What does this story tell us about life in Christ? 

At the risk of disappointing some people, life in Christ is not one big drunken party!  The fact is celebration is not the whole of life or the  Christian life, and there is a time to fast as well as feast.  The fact is drunkenness is never affirmed in scripture, and alcoholism is a scourge in our country, and even in our churches.  The fact is even though the scribes and Pharisees called Jesus a glutton and a winebibber there is no evidence he was either because he knew a life devoted to nothing other than physical pleasure was a dead-end street. 

That said, there ought to be an artesian well of joy and celebration bubbling up inside of every Christ-follower, an aroma of extravagance and abundance around every Christian church.  And the fact is, the lives of many Christians and Christian churches appear to be more like stale grape juice than top-of-the-line wine. 

Karl Olsson notes that while many Christians begin their faith journey on fire for Jesus, they eventually settle for a low-grade fever of a faith that consists of believing the right doctrine, practicing disciplines like worship, bible reading, and tithing (mostly out of obligation), behaving properly at all times, and serving their church on a few committees.  This is the extent of their Christian life and their experience in the Body of Christ.

No wonder so many people outside of church and faith are more inclined to avoid us than join us!  Watch a typical church service and it seems dead.  Monitor the life of a typical Christian and it looks as limp as lukewarm dishwater.

People today are craving life with a capital “L”.  They are busier than ever, have more things than ever, and still have no life.  And they are desperate to find it. 

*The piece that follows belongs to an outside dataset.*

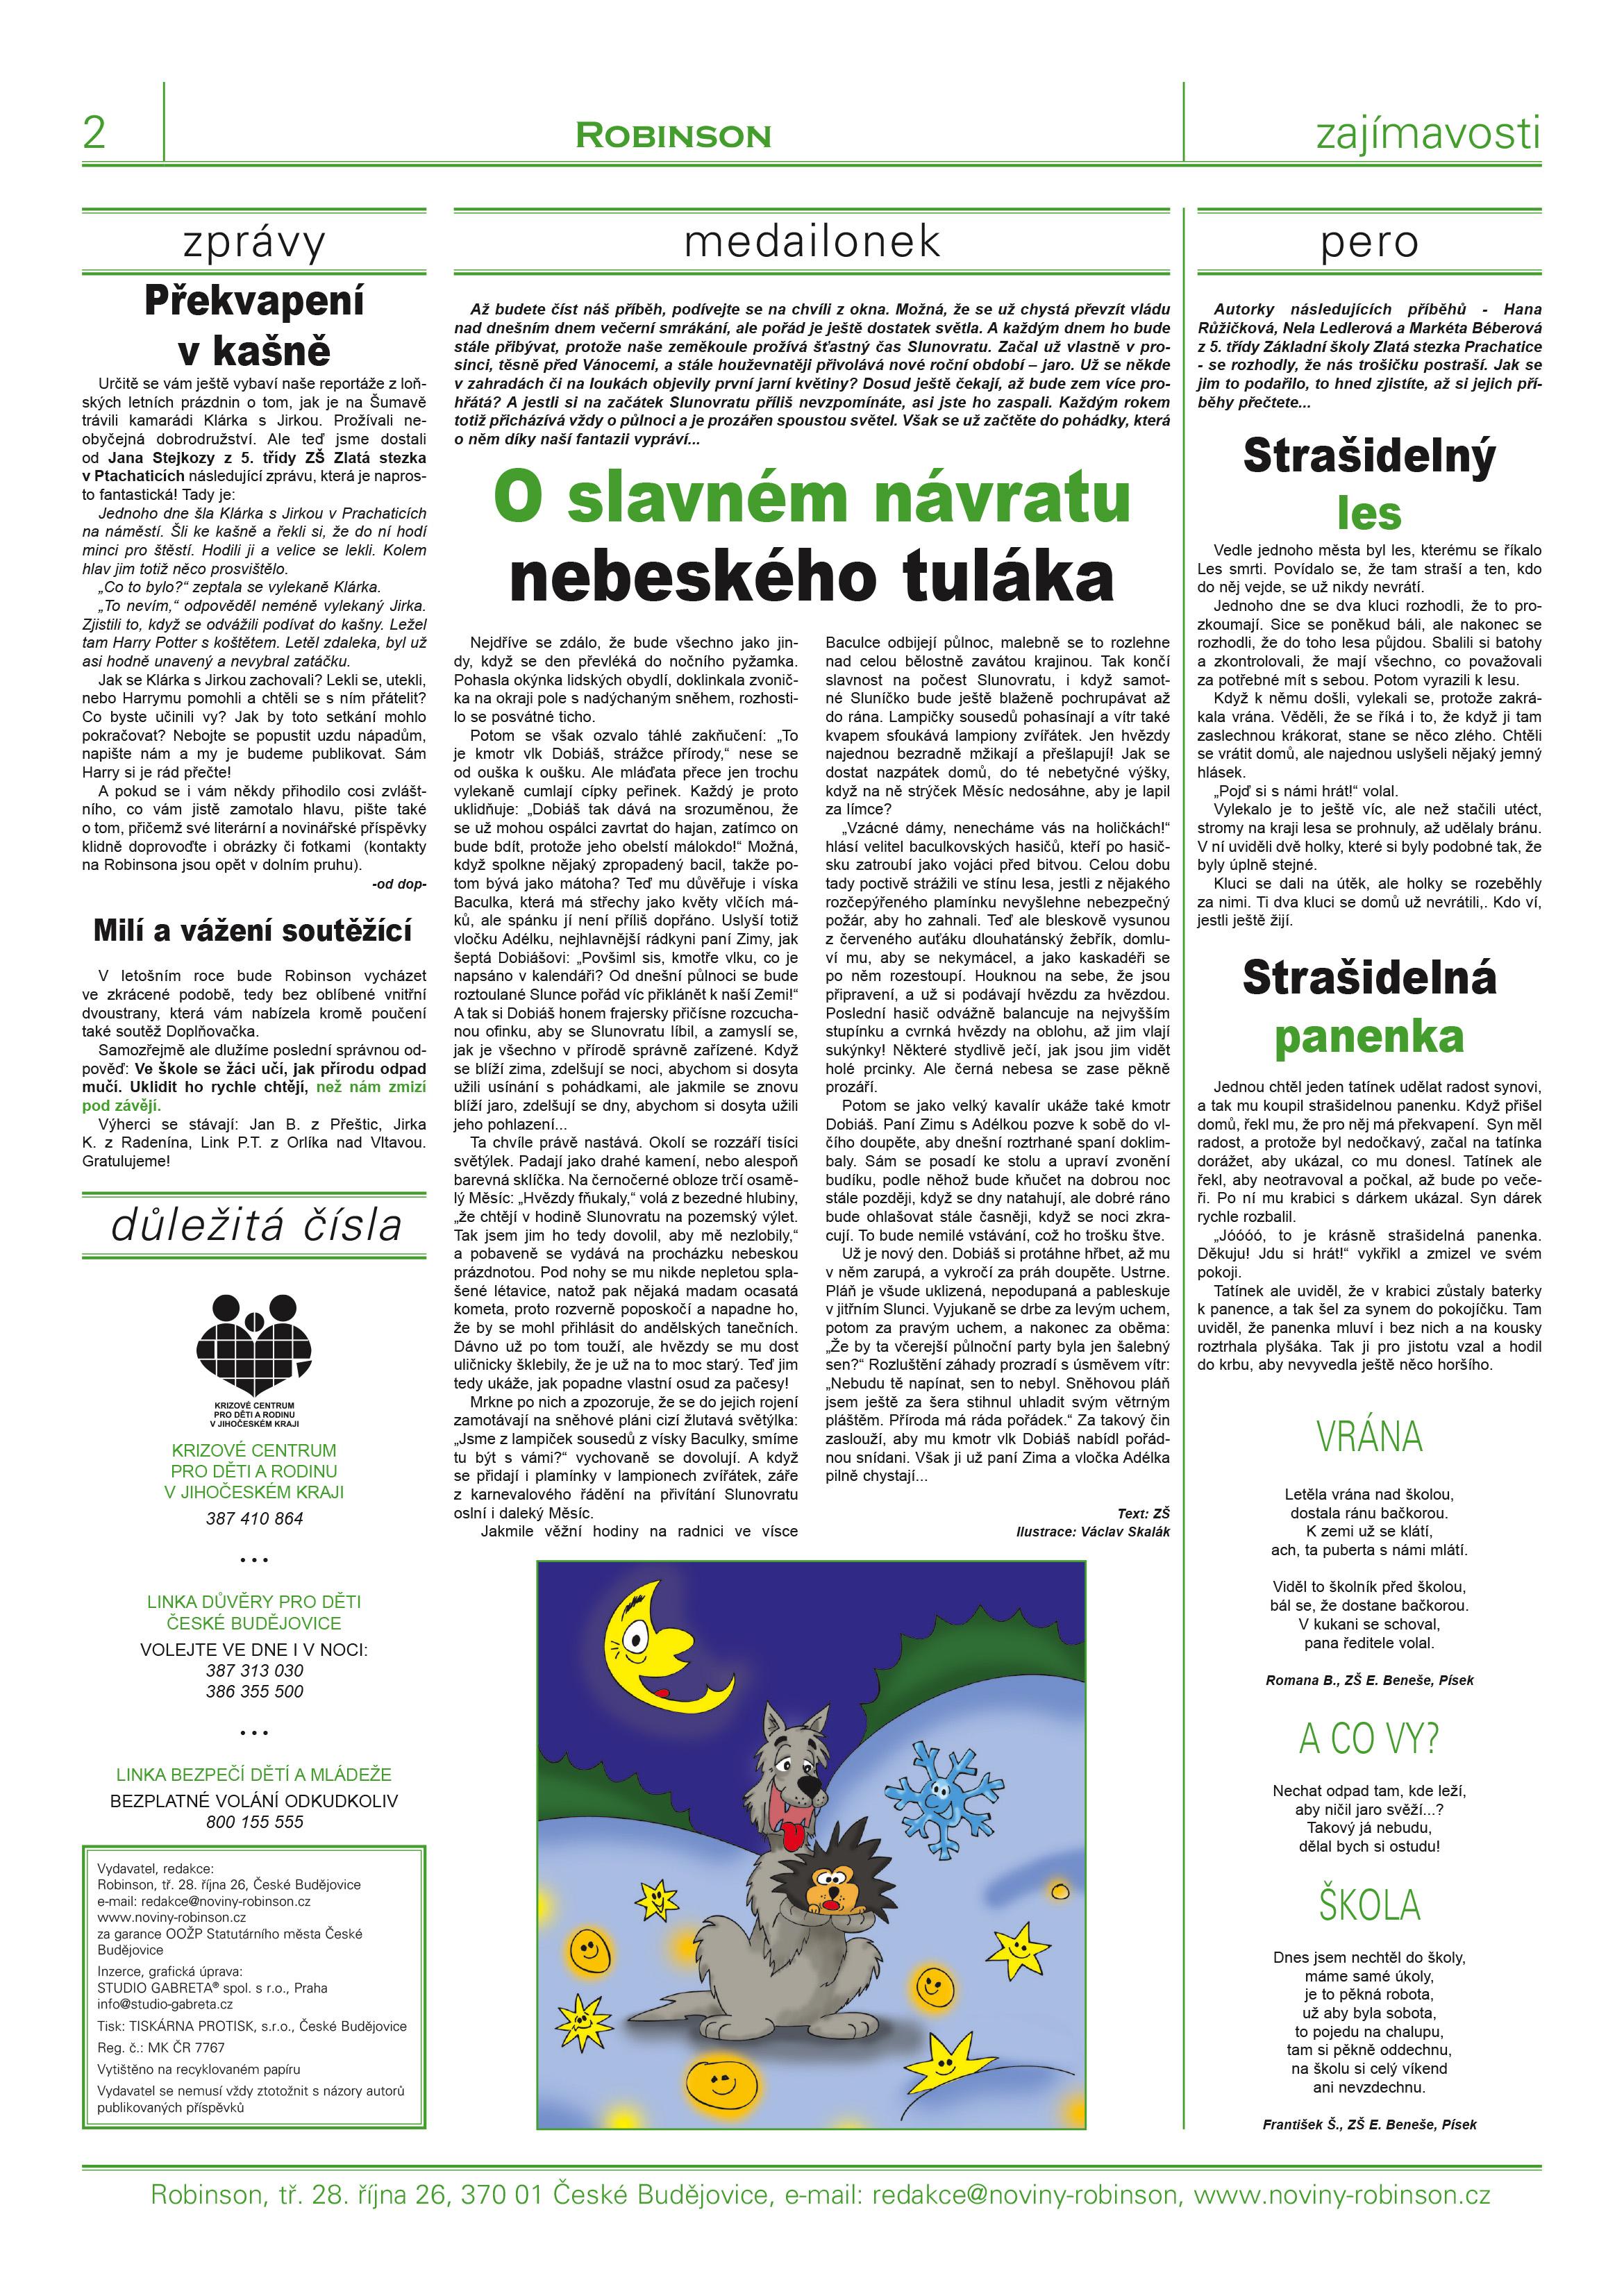 Robinson noviny

A friend of mine belongs to a church even though she disagrees with that church’s stand on women in ministry.  When I asked her why she said, “Because the church has a vitality I find missing in most churches.”

I know what she means.  Some time ago I got so exhausted with the thinness of my own Christian life and the American church I began to wonder if I wanted to remain in ministry.  Since then I’ve tasted the new wine of a deeper Christian life that has not only renewed me, but motivated me to find a new wineskins for my life and this church.  

My friends, if you are weary of having a life in Christ that is nothing more than a paper-thin ticket to heaven, I stand before you today to say there is something more, much more about life in Christ than you currently know.  Jesus is not just some cartoon character in the New Testament.  He is the fountain of life that can give you life, life to the brim. 

And the same is true for our church.  I believe, FBC, we are on the threshold of going deeper with God than we’ve before.  And if I’m right, we are about to find out that what makes a great church is not just exciting programs and a superb faith.  A great church, like great wine, comes directly from the hand of Jesus. 

            Tom Lane writes,

            If Jesus could transform common water into wedding wine

            Spit and dirt into new sight

            Troubled sea into a pathway

            Well water into living water

            Could Christ transform the waters of my life

            Shallow

            Murky

            Stagnant

            Sour

            Into a shower of blessing?